Why it took me so long to read this book, just like the tootsie roll pop, the world may never know. I will never forget the words I read. Mostly because I keep reading them. About love, self discovery, gratitude, trials, tribulation, service, the unknown, the journey, perseverance, and Belay On! I think, in lieu of my parents, this book could have raised me. Such wisdom. Alchemy is hard work. I mean, after Jesus turned water to wine, the miracles kinda stopped there. This kid’s life was tough, yo. He had to say goodbye to his love. He had to have faith she would be there when he returned. Hell, he had to have faith that he would return. He suffered. Yet he continued on. And most importantly, he was honest about his fears. That’s what compelled me most of all. Honesty through whatever came. Maybe that’s the hard part about being an Alchemist. Being honest. See! I’m still learning ish! Damn Paulo… You. Are. Good.

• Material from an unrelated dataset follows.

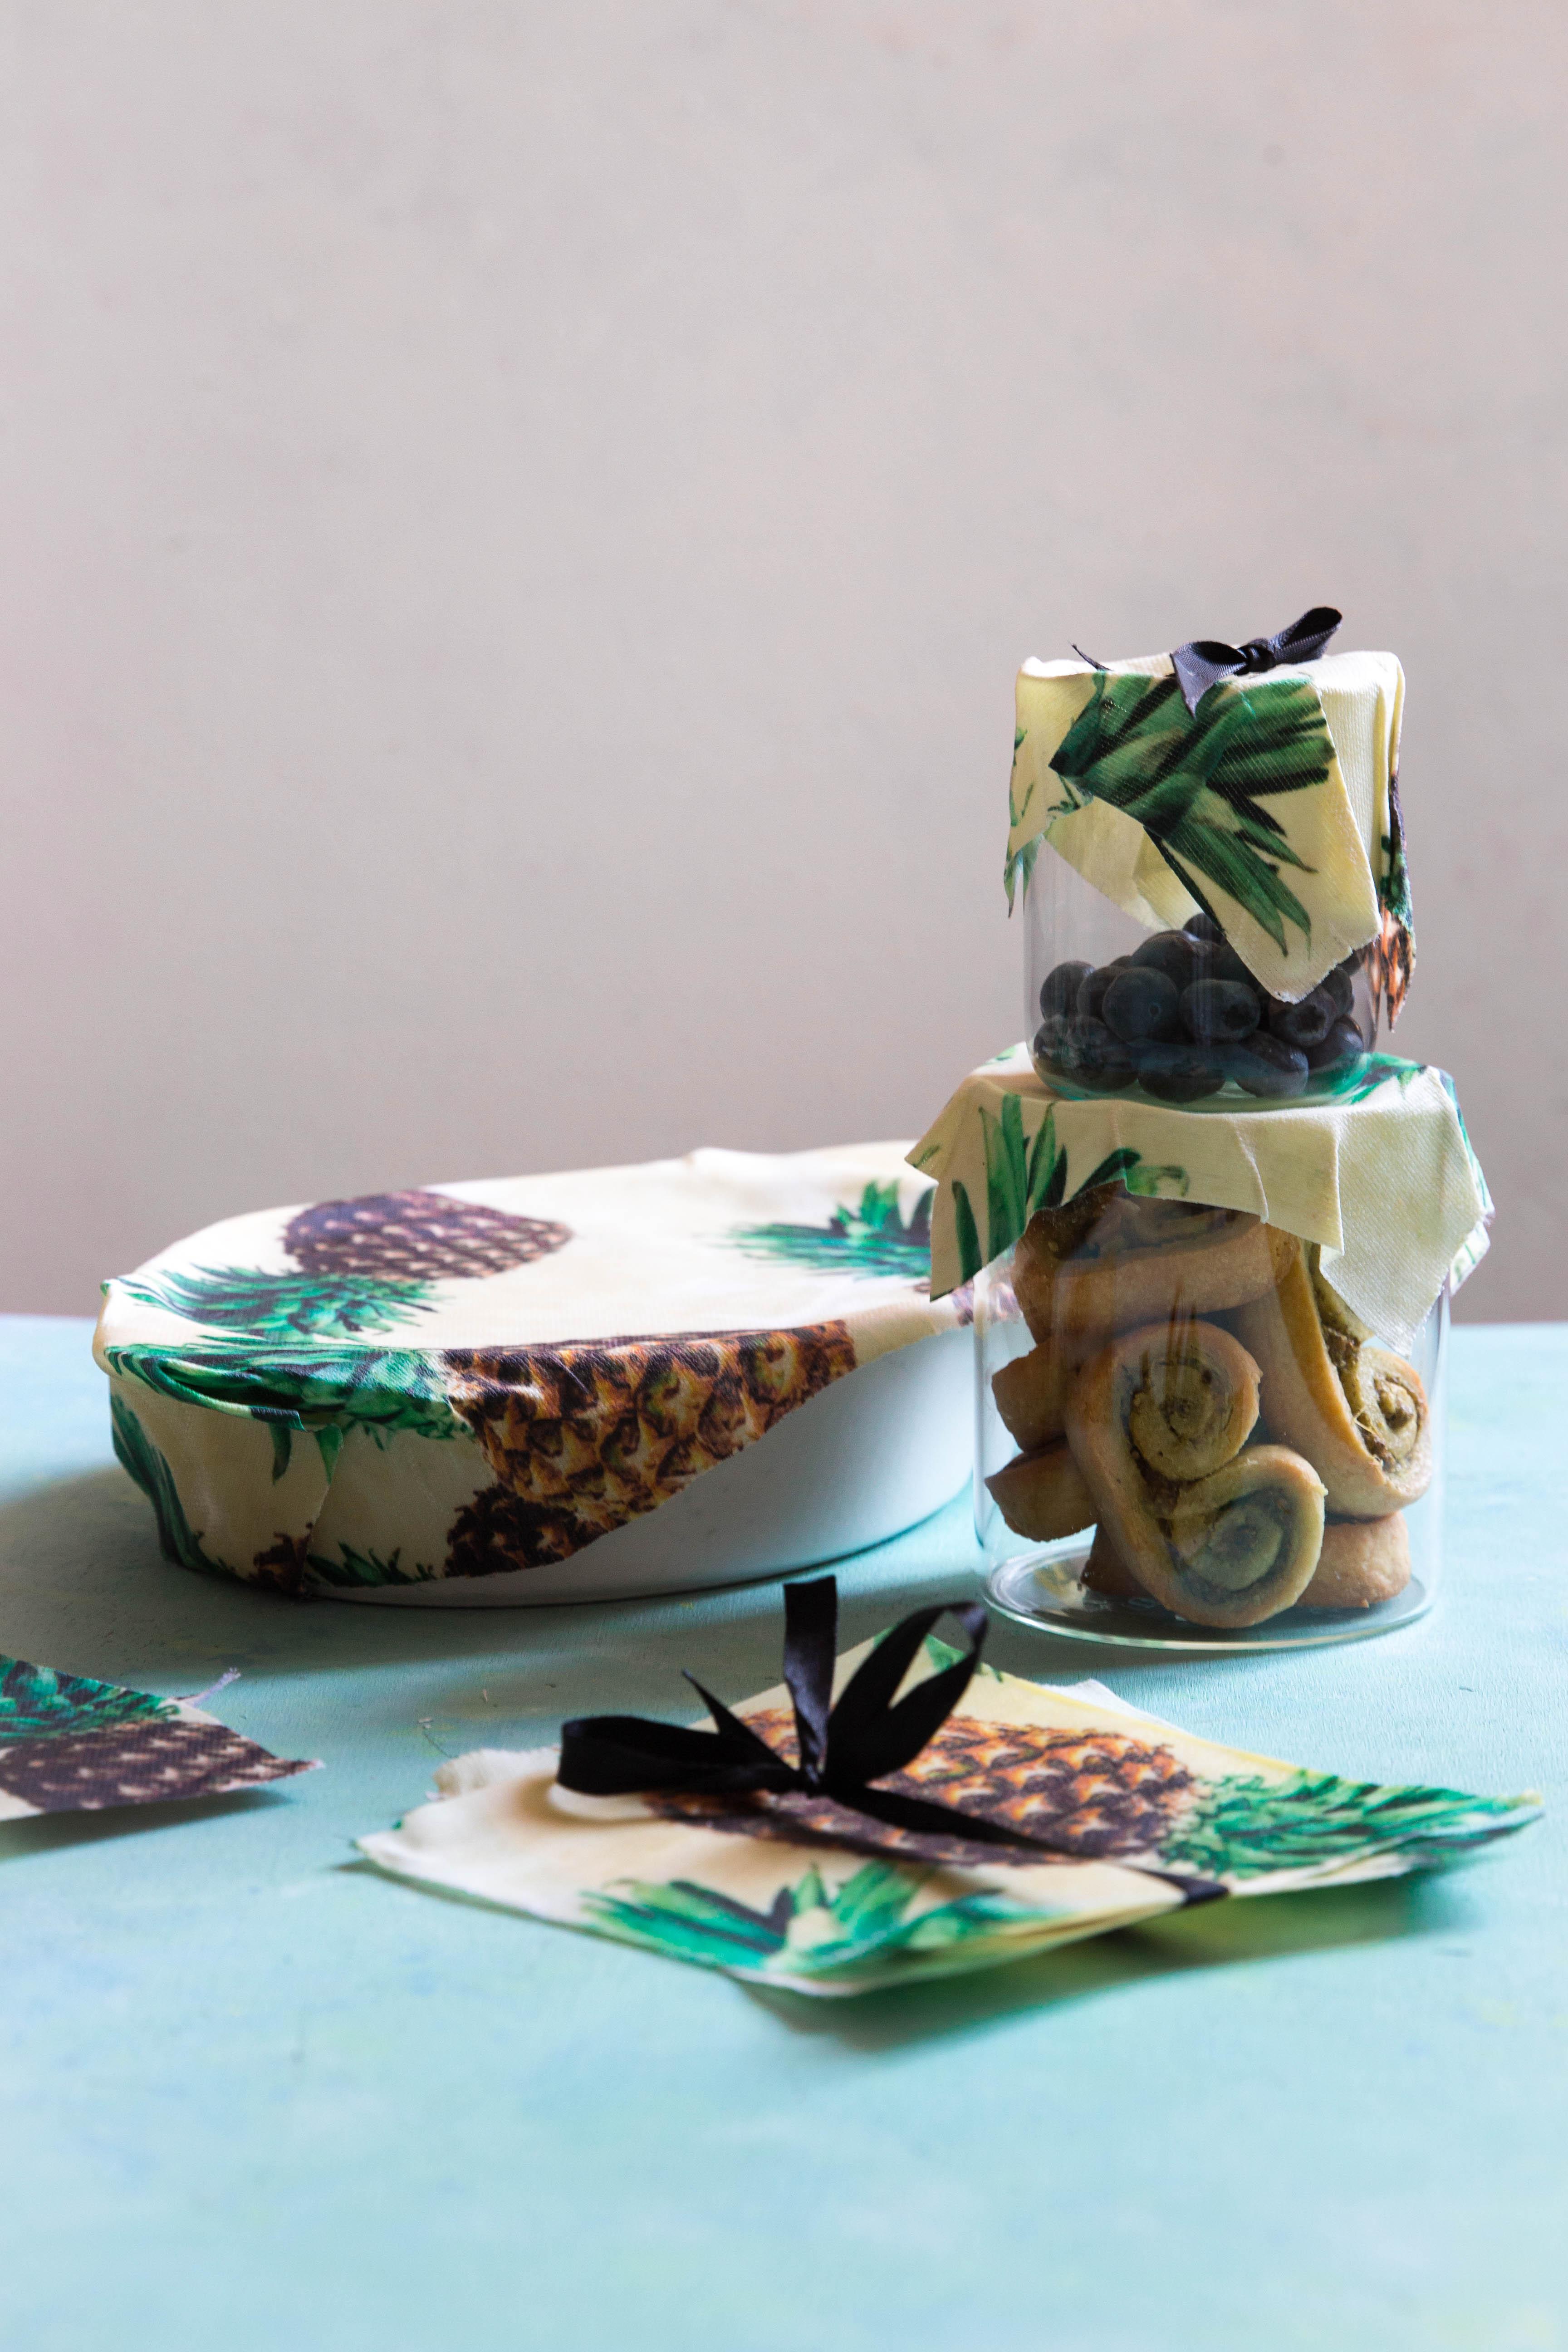 DIY Bee's Wrap, le parfait emballage alimentaire écologique en cire d'abeille à faire soi-même - Do It Yourself photography

*In the equally moving graphic novel version.


…honorable mention…

Dear World, Do Better.
PUSH
Lesson: We live in a f*cked up world.

Nope. Not about to have me on this post talking about what I read in that novel. Nope. Not about to do it. The only reason a person can write about stuff like what’s in PUSH is because we live in a world where it is possible. And not possible like a once in a lifetime “you can see the aurora borealis from your bedroom window in Idaho” possible, but an “I’m going to get in my car and drive to work” (which happens every freaking day) possible. As a world of people, we are f*ckin horrible. We need to do better.








…(un)honorable mention…

Grey ties startle me.





50 Shades of Grey (and then it got darker, and I’m waiting to be freed)
Lesson(s): I need more hobbies; Sex – o_O um…about that? #NooooShe(me)WasntReady

I have no excuse for how quickly I got through all three of those books aside from acknowledging that I need a hobby. Curiosity killed the cat, my prospects for the future and my innocence. Father God In Heaven WHY did I keep reading?! My sissy pooh Shellie read them too. After she finished them, she called me and asked me if I was okay. She knew that I was distraught. I sooo was.

Okay. Sex. Who knew it happened like that? I mean hold my pearls, my mule and my spleen…does this stuff really happen? Do y’all really get down like that? Y’all are nasty! I had to google a lot of the stuff they talked about. I’m not afraid to admit it. Mostly because I’m ashamed to admit it. You have to pick one. You can’t be afraid and ashamed at the same (damn) time. I feel like, I’m legally an adult, so I should know this stuff. But, I watch cartoons every morning, so my grey *heehee* matter hasn’t caught up with the age on my driver’s license.

Anastasia, honey chile, you are one brave fictional woman. And yes, I'm going to see the movie.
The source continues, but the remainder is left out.